**What the exercise asks**.
Only the pictures are dropped; the lines of the material that follow are returned exactly.
(Recorded information Opens)
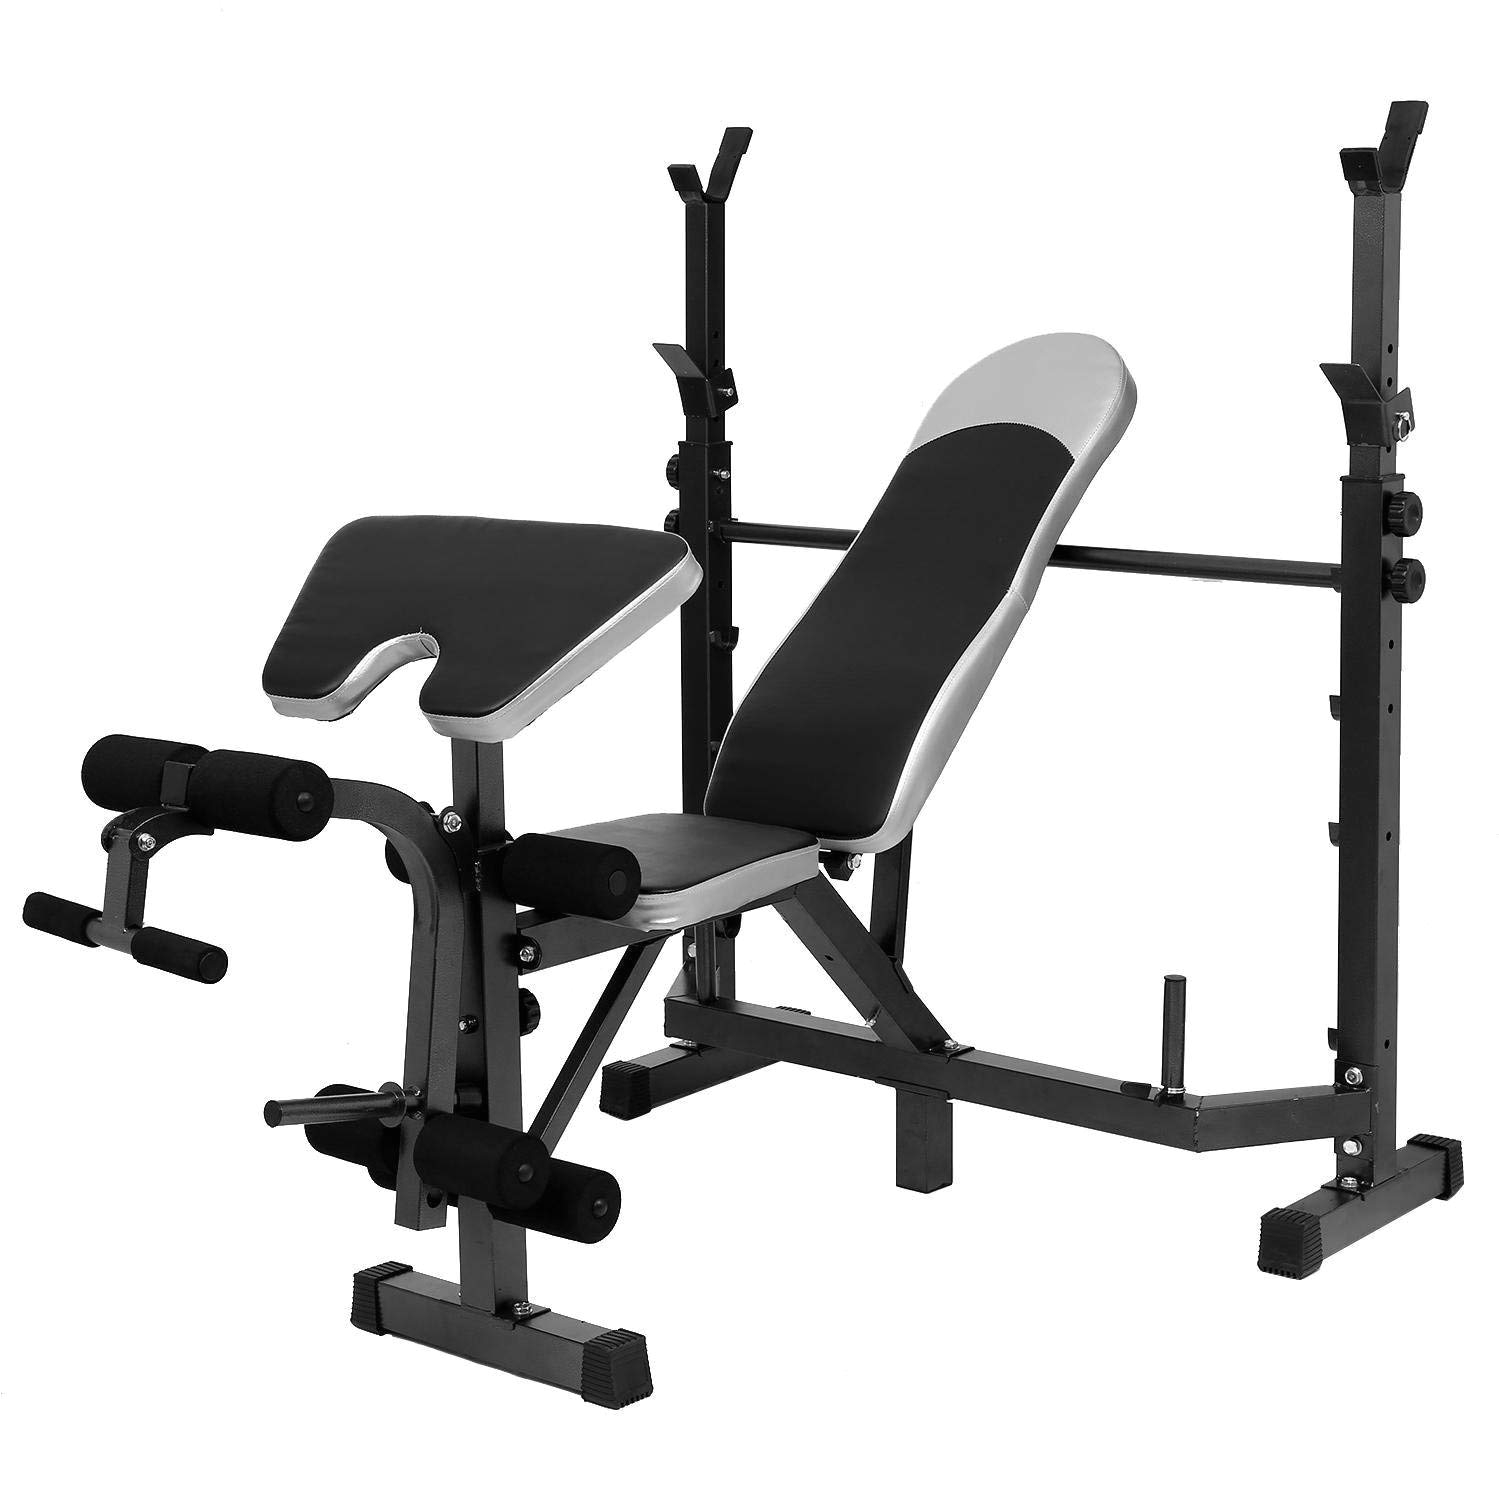 amazon com multi function olympic workout bench w adjustable squat rack robust frame bench features leg developer curl yoke preacher pad weight
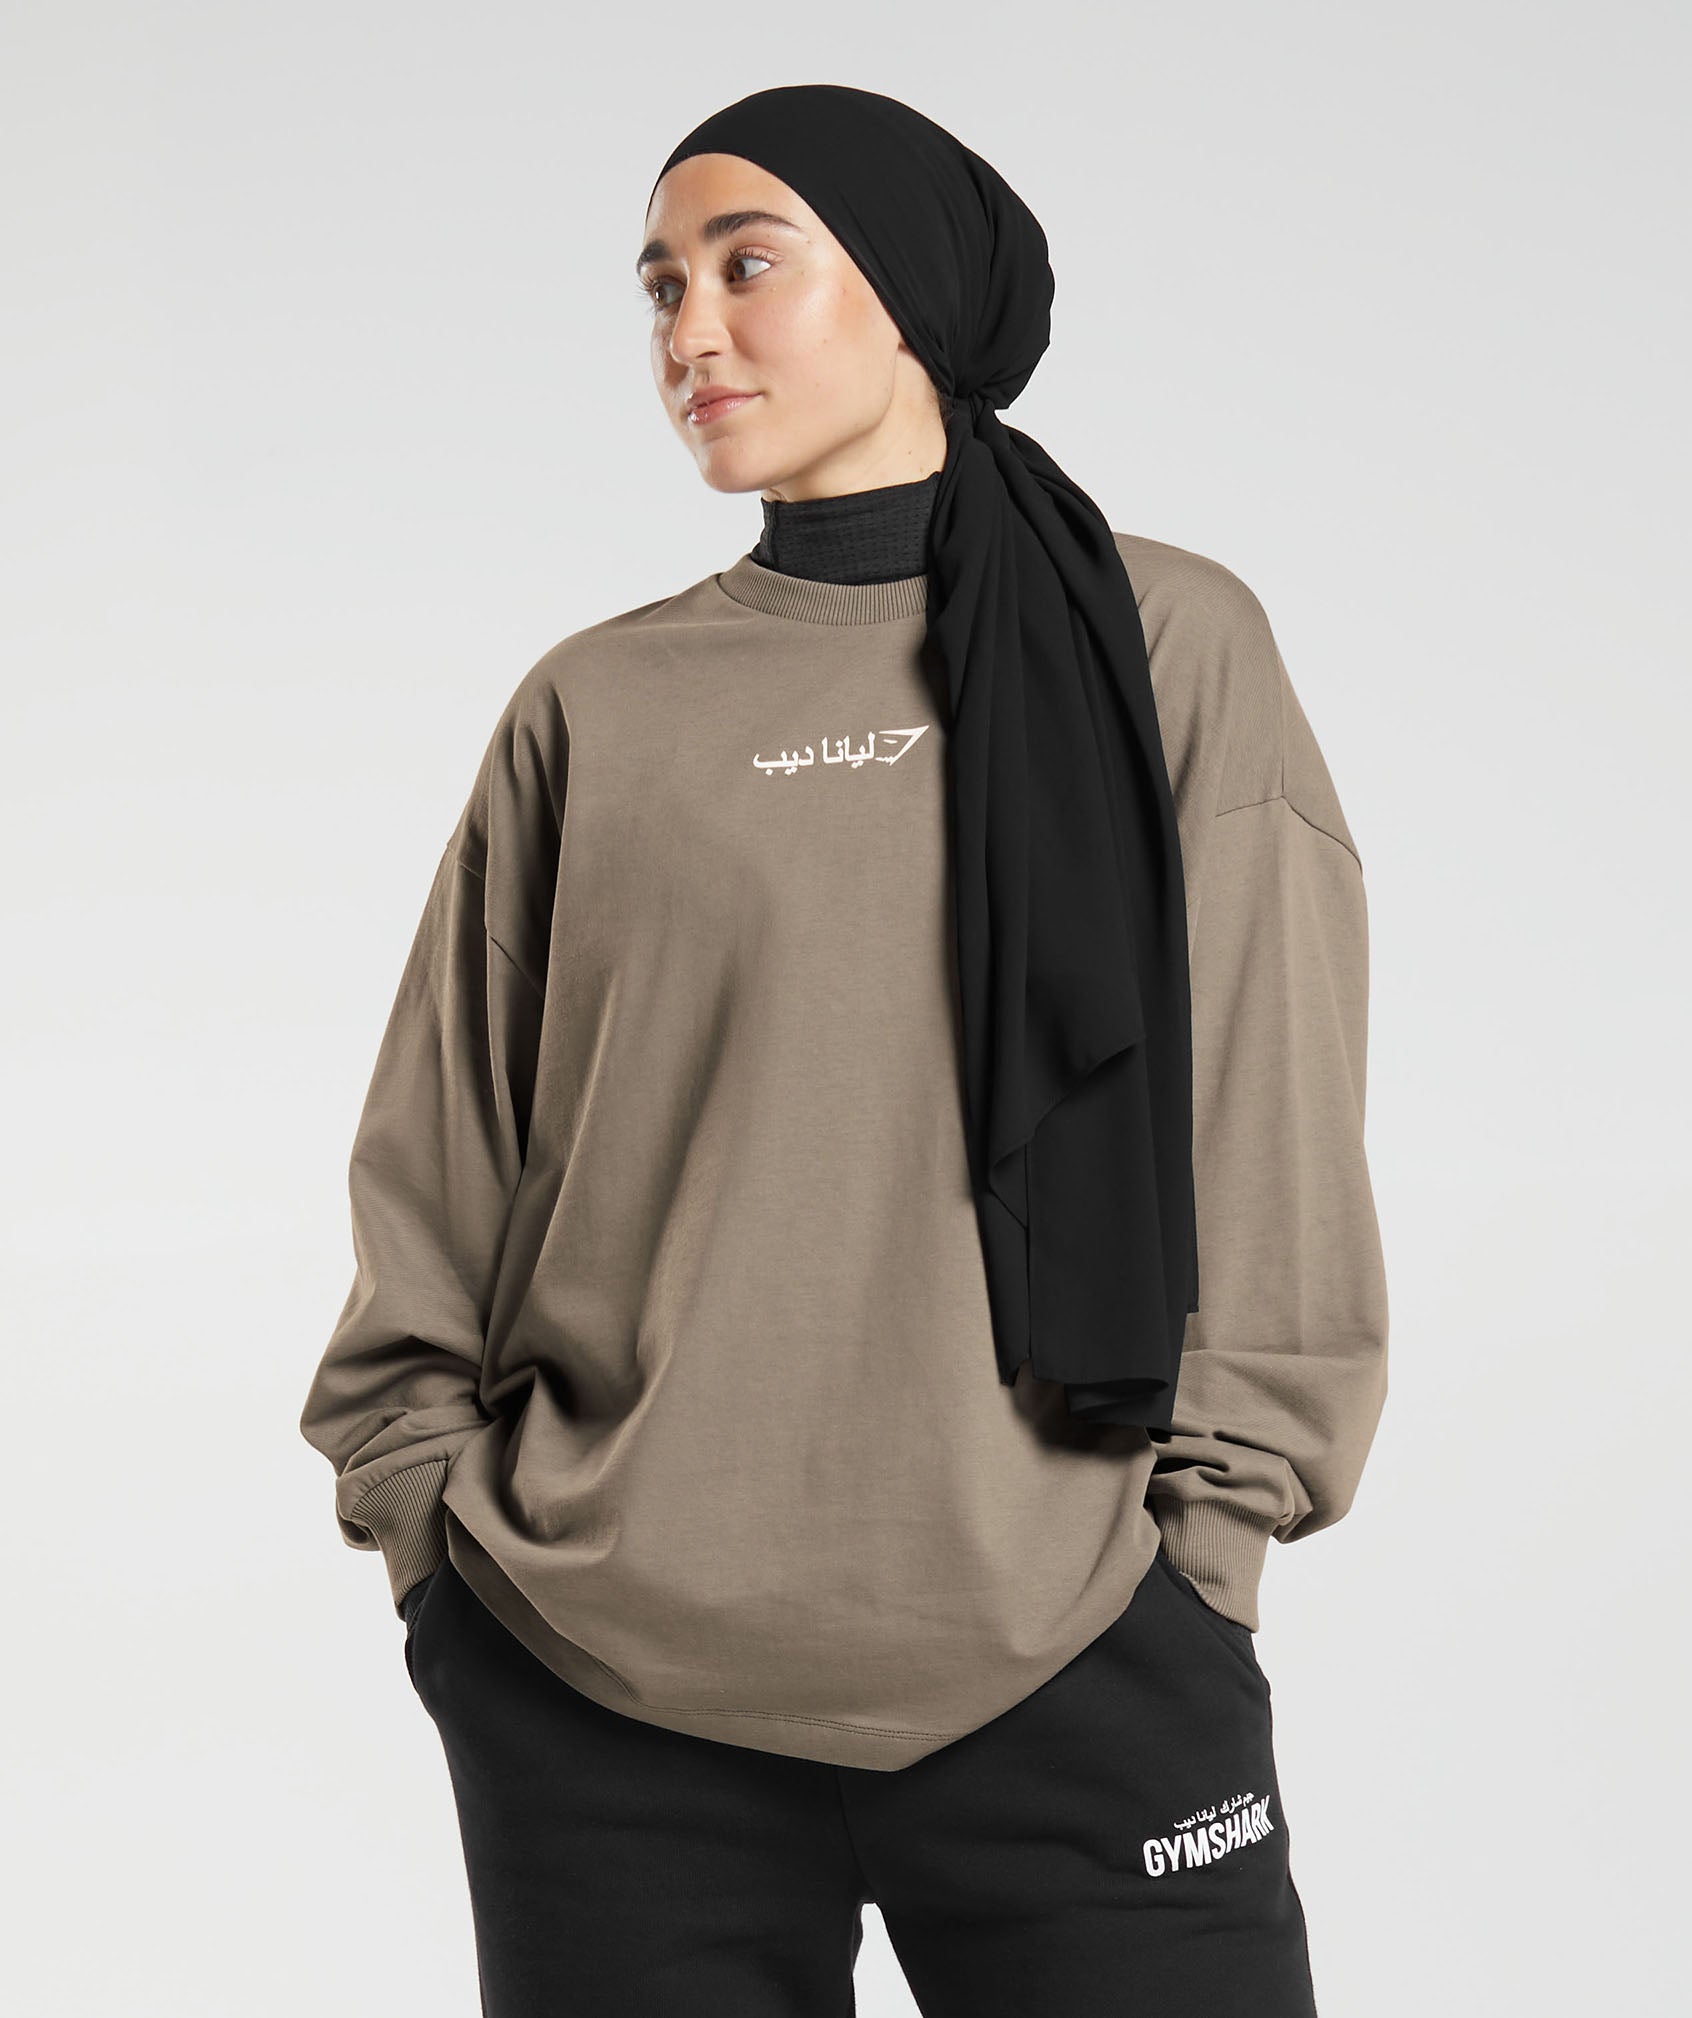 GS X Leana Deeb Oversized Long Sleeve Top in Brushed Brown - view 1
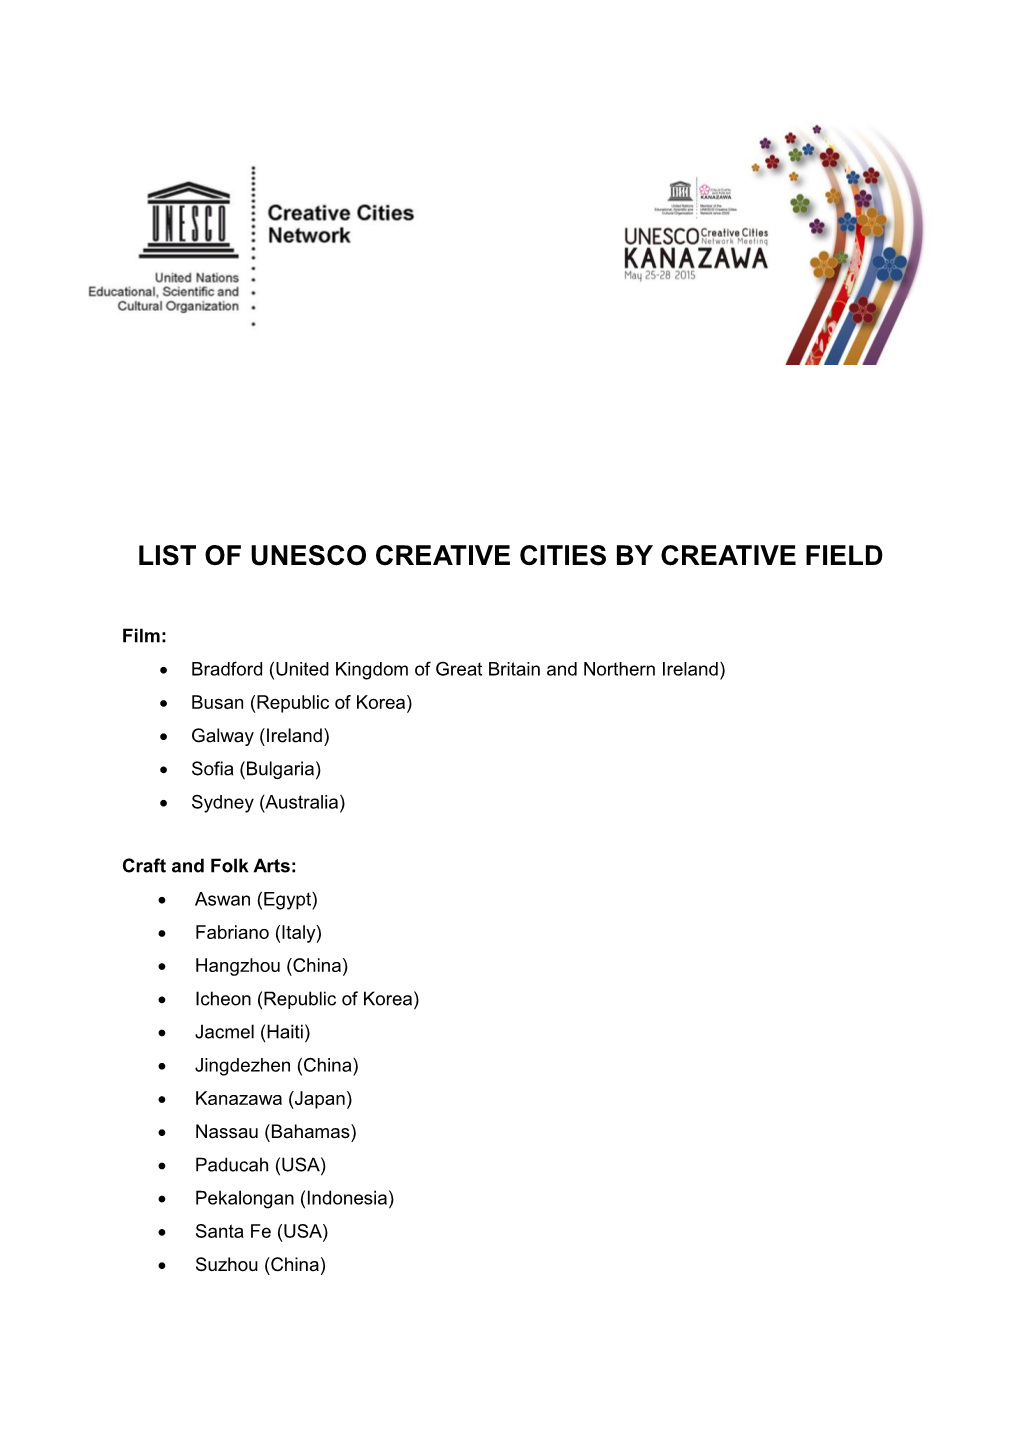 List of Unesco Creative Cities by Creative Field
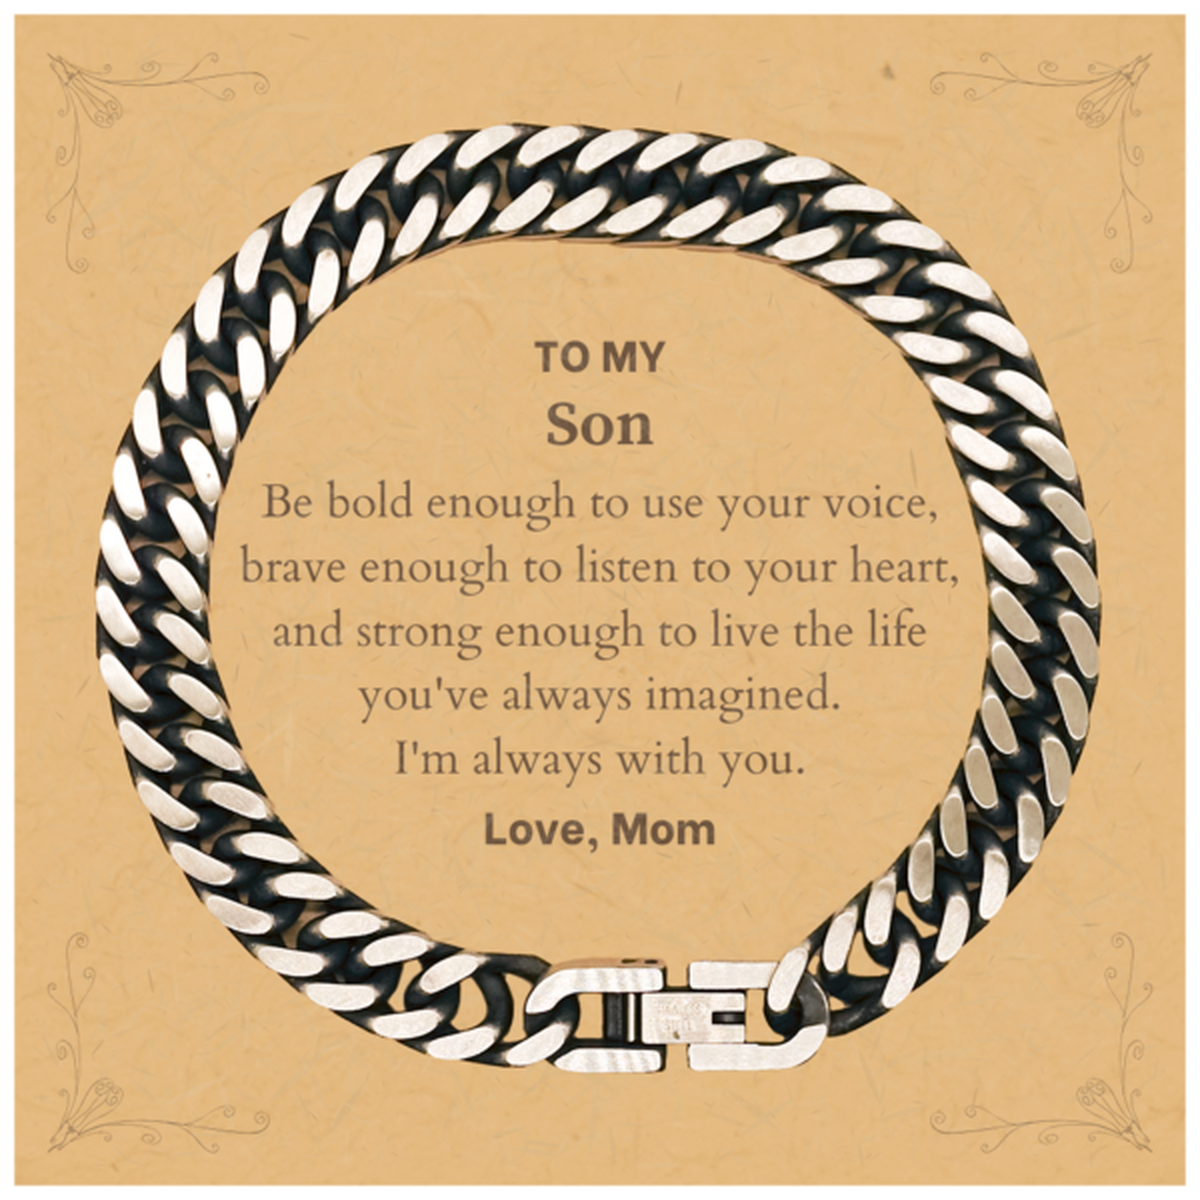 Keepsake Son Cuban Link Chain Bracelet Gift Idea Graduation Christmas Birthday Son from Mom, Son Be bold enough to use your voice, brave enough to listen to your heart. Love, Mom
(Recorded information Closes)
**Exercise answer**.
 amazon com multi function olympic workout bench w adjustable squat rack robust frame bench features leg developer curl yoke preacher pad weight
 GS X Leana Deeb Oversized Long Sleeve Top in Brushed Brown - view 1
 List of Unesco Creative Cities by Creative Field
 Keepsake Son Cuban Link Chain Bracelet Gift Idea Graduation Christmas Birthday Son from Mom, Son Be bold enough to use your voice, brave enough to listen to your heart. Love, Mom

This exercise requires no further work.